DeltaFIFO places all three deltas into the slot keyed by default/my-deploy. Pop() returns them as a single slice, and sharedIndexInformer.HandleDeltas walks through them in order: first OnAdd, then two OnUpdate calls (one for the intermediate 1→2 transition and one for the final 2→3). The event handler runs three times, no shortcuts.

There is per-object deduplication, but not in DeltaFIFO — it lives one layer up, in the controller's workqueue. The mechanic is straightforward: for each delta from DeltaFIFO, the controller's event handler extracts the namespace/name key from the object and enqueues it. Re-inserting the same key silently coalesces with the existing entry; the workqueue does not care about the object itself.

A concrete picture: you create a Pod. Within a second or two a flurry of Updated deltas arrives — the scheduler assigns a node, the kubelet sets Pending, then ContainerCreating, Running, Ready. Five deltas in a row, and the event handler fires on every one of them — but throughout this window the workqueue holds a single entry with the key default/my-pod. By the time Reconcile pops it, the cache already holds the final state, and Reconcile runs once.

So you get two layers with cleanly separated responsibilities:

  • DeltaFIFO — an ordered queue of deltas, grouped by key, with deduplication only for consecutive Deleted events. Its job is to deliver change facts to consumers in the right order.
  • workqueue — a queue of keys with proper deduplication and rate limiting. This is the layer that collapses "ten updates in a row → one reconcile".

If you keep that two-layer picture in your head, it becomes obvious why a flood of events against a single object barely affects controller throughput — the workqueue absorbs them.

Indexer: the local copy of the cluster

The Indexer (also known as ThreadSafeStore) is the local copy of the cluster. Underneath it is a plain map[string]interface{} keyed by namespace/name, plus a mutex, plus a dictionary of registered indexes (covered in their own section below).

Yes — at heart it is a map in memory. No B-trees, no LSMs. That is precisely why a cache-hit r.Get costs microseconds: it is a map lookup followed by a copy of a Go struct.

SharedIndexInformer and subscriptions

A SharedIndexInformer fuses Reflector, DeltaFIFO, and Indexer together and exposes two interfaces to the rest of the world:

  • Read objects directly from the indexer.
  • Register a ResourceEventHandler and receive notifications for every event coming out of DeltaFIFO — OnAdd, OnUpdate, OnDelete. The store is updated in lockstep with the handler call, so by the time your handler runs, the indexer already reflects the new state.

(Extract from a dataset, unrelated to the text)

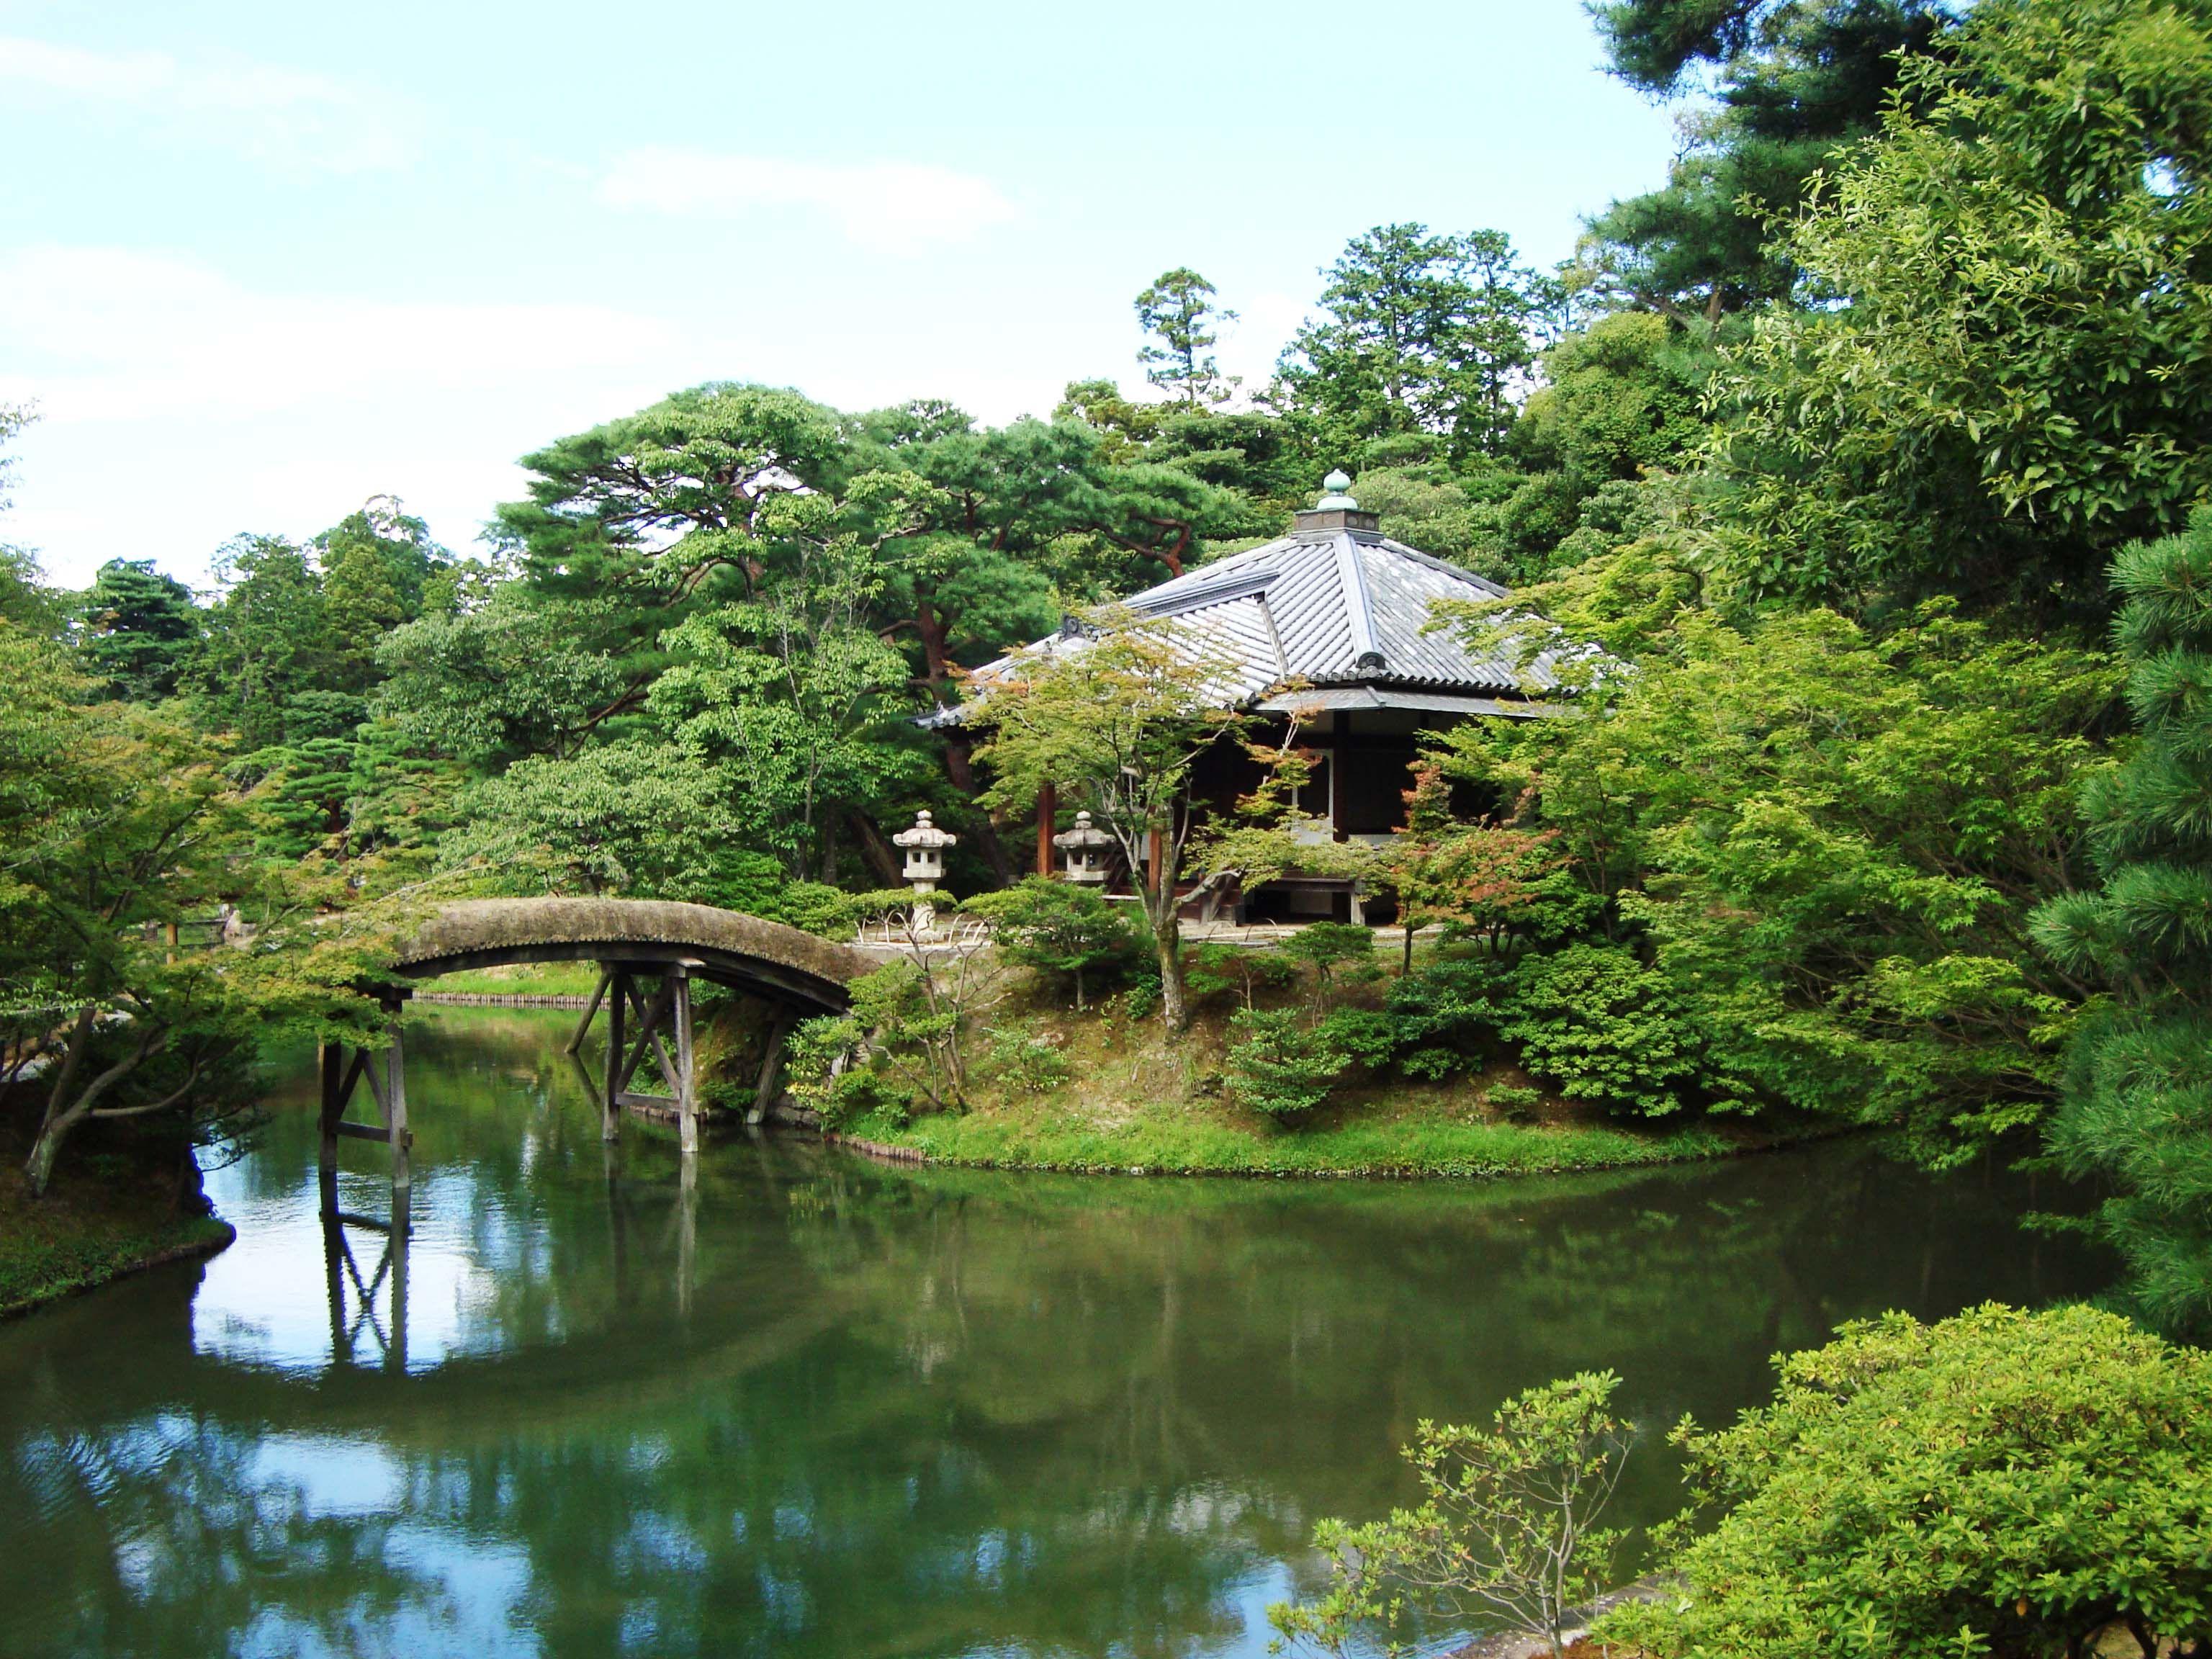 Kyoto, Japan, Katsura Imperial Villa Front Bridge

"Outside" here means your controllers. When a controller registers Watches(...), under the hood it asks the informer: "add a handler that, on every change, enqueues the key into my workqueue". The controller's workers then pop keys one at a time and call your Reconcile(ctx, ctrl.Request{NamespacedName: ...}).

The keyword in the name is Shared. The manager creates one informer per GVK, and every controller, webhook, and event source within that manager subscribes to it:

Shared informer diagram: a single LIST/WATCH per GVK feeding multiple subscribers

In other words: an informer is the thing that subscribed to Pods once, holds them locally, and serves every interested party in the process. From the API server's perspective, that is one LIST and one WATCH per GVK, regardless of how many reconcilers live inside your process.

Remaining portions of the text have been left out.